#### [What to work on]
Every line in the data below from the one containing "Berserk Deluxe Volume" down to the one containing "90s Polo Shirt", both included, must be retyped exactly; no other line is to appear.

#### [Listed entries]

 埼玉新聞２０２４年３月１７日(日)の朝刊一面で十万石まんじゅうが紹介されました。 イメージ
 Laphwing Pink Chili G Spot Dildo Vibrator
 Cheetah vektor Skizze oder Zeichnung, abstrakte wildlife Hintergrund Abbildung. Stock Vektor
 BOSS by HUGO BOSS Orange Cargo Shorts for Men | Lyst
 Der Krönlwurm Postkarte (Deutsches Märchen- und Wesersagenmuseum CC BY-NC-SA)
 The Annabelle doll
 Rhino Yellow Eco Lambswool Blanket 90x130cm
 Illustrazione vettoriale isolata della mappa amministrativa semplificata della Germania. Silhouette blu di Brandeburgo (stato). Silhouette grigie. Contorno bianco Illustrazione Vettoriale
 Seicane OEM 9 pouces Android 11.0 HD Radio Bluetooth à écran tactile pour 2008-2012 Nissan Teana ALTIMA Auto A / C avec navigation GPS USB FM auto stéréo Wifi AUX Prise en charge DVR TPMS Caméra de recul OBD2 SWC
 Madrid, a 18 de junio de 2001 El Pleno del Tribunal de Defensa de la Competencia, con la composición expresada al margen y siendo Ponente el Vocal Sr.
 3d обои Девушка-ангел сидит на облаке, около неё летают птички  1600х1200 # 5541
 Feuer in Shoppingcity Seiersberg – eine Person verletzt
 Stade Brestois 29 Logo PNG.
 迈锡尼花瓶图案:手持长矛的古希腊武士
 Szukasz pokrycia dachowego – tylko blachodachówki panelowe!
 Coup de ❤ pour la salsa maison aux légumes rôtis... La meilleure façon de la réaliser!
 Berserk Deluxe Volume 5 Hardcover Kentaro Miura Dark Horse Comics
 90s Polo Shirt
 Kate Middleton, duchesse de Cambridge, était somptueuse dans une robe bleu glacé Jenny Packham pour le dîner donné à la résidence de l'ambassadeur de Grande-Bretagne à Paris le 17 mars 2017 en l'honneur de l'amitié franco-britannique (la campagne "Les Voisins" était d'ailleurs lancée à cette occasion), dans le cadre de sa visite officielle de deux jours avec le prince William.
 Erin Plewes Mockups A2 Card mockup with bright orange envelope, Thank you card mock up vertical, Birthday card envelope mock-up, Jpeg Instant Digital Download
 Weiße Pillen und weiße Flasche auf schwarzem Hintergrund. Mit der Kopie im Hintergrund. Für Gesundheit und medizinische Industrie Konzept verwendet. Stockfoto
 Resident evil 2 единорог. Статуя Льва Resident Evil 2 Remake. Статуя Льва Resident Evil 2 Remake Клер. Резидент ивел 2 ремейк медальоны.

#### [Written solution]
 Berserk Deluxe Volume 5 Hardcover Kentaro Miura Dark Horse Comics
 90s Polo Shirt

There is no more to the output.